The BBB scoring system is a standardised scoring scale for locomotor function utilised in rodents, and modified versions have been created for use in canines [29]. The reliance on a singular scoring scale, while facilitating cross-study comparisons, may create potential for bias in results. Firstly, publication bias is a possibility we must mention, as is the issue of transparency in outcome assessment approaches. This is relevant as several studies reviewed did not specify whether reviewers were blinded, and the exact methods of blinding utilised. It is imperative that the data transparency within the field is improved in future, particularly providing raw results of figures used to create BBB scoring graphs, which would aid independent statistical analysis.

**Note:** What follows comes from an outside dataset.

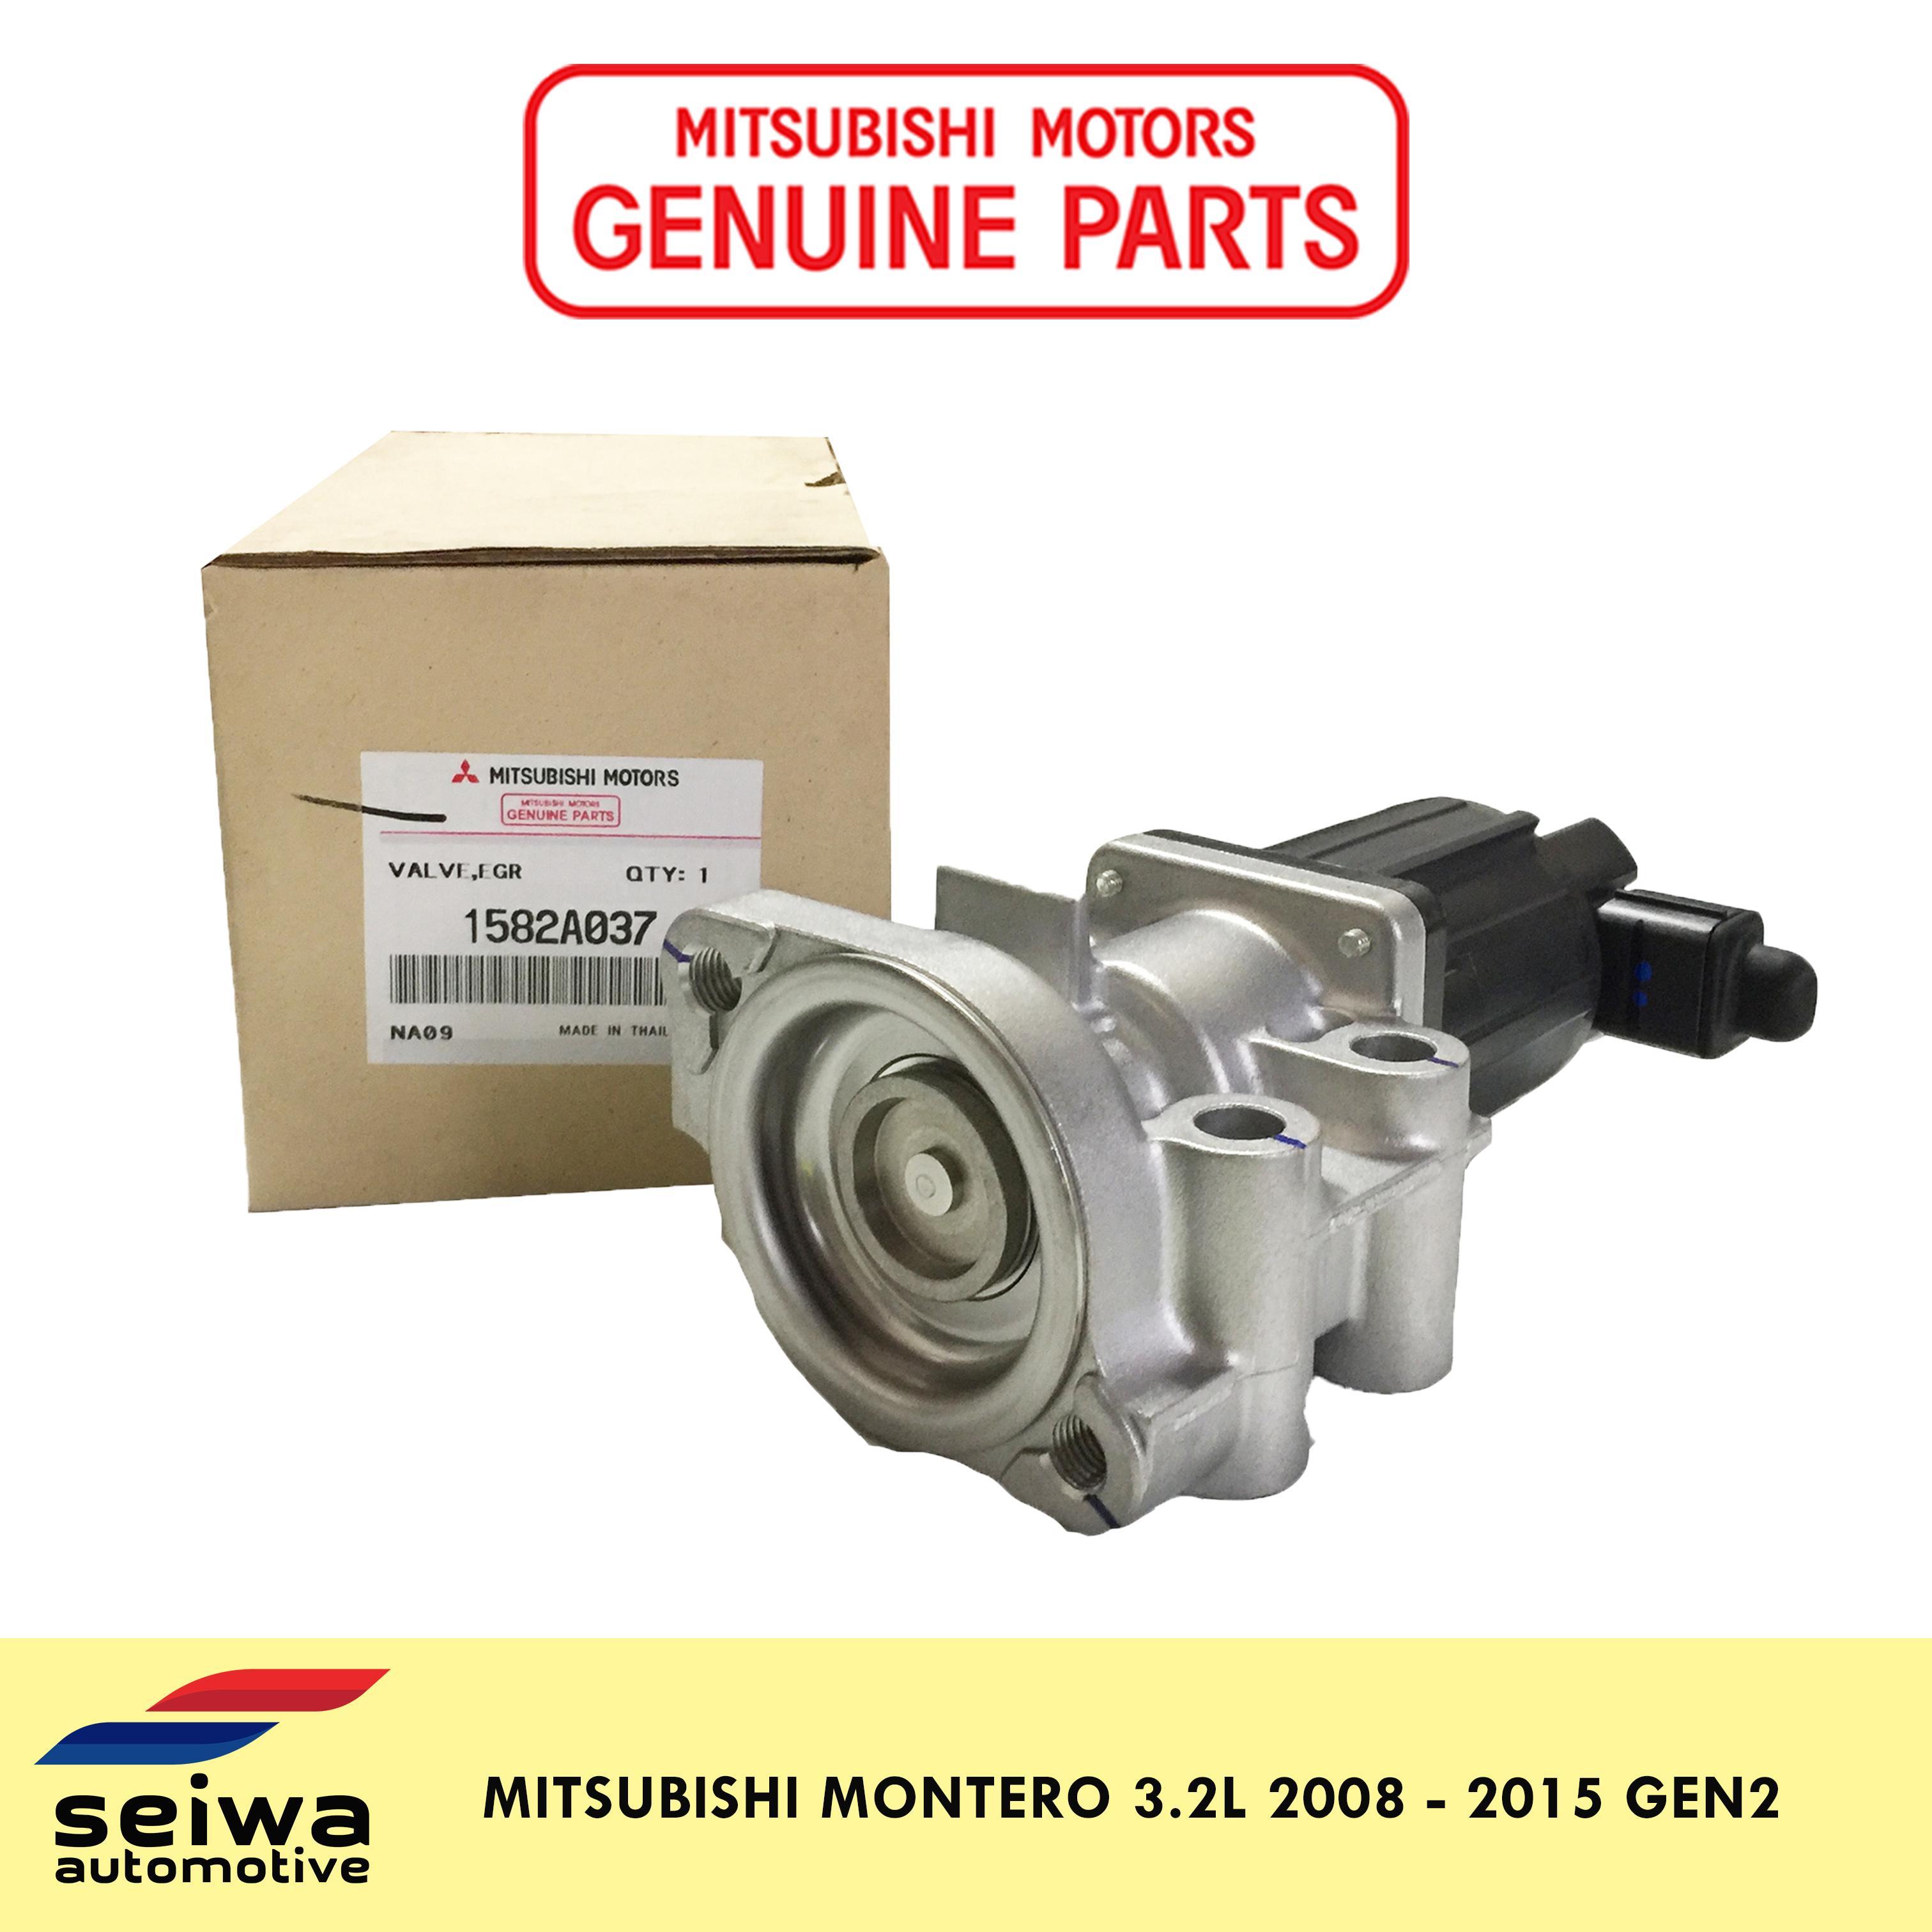 Mitsubishi Montero GEN2 3 2L 2008-2015 EGR Valve - Genuine Mitsubishi Auto  Parts - 1582A037

The literature provides some encouraging evidence for ADSC therapy in animal models following SCI but is limited by the heterogeneity that exists between studies and key translational limitations of current models. We implore researchers to explore more relevant methods of injury, animal models and locations of SCI to further strengthen the evidence base of this therapeutic approach.

5. Conclusions

This systematic review demonstrates some evidence that ADSC therapy following SCI may improve locomotor recovery in animal models. While the majority of studies provide evidence for this model alone, the landscape regarding adjuvant approaches is more contentious. In addition, most studies support the idea that ADSC therapy has a lag period, in which a bridging therapy may be useful. There was also some limited evidence to suggest that ADSC therapy may limit autonomic dysfunction following SCI. These results were limited by the heterogeneity between studies and key weaknesses in the study design, which limits translational relevance. Further investigations into the mechanisms of ADSC therapy and optimal adjuvant approaches should follow the outcomes of this systematic review. We draw particular attention to the molecular mechanisms of adjuvant therapy and the need for further research in this area. The results from this study should also contribute to the wider body of evidence supporting the trial of ADSC therapy in human patients suffering from SCI, following validation in more translationally relevant experimental models. Translating ADSC therapy to patients suffering from SCI will depend heavily on addressing the key weaknesses in the current literature, thereby forming a stronger proof of concept to justify large-scale human trials.

SCI continues to be a debilitating and burdensome condition, both at the individual and societal level. ADSC therapy, while still at an early stage, could pave the way for a cure for the profound disability that follows from an SCI. Recent developments in technology, from transcriptomics to advanced nanoparticle delivery devices, could help scientists cure SCI once and for all if the weaknesses of the current literature are addressed.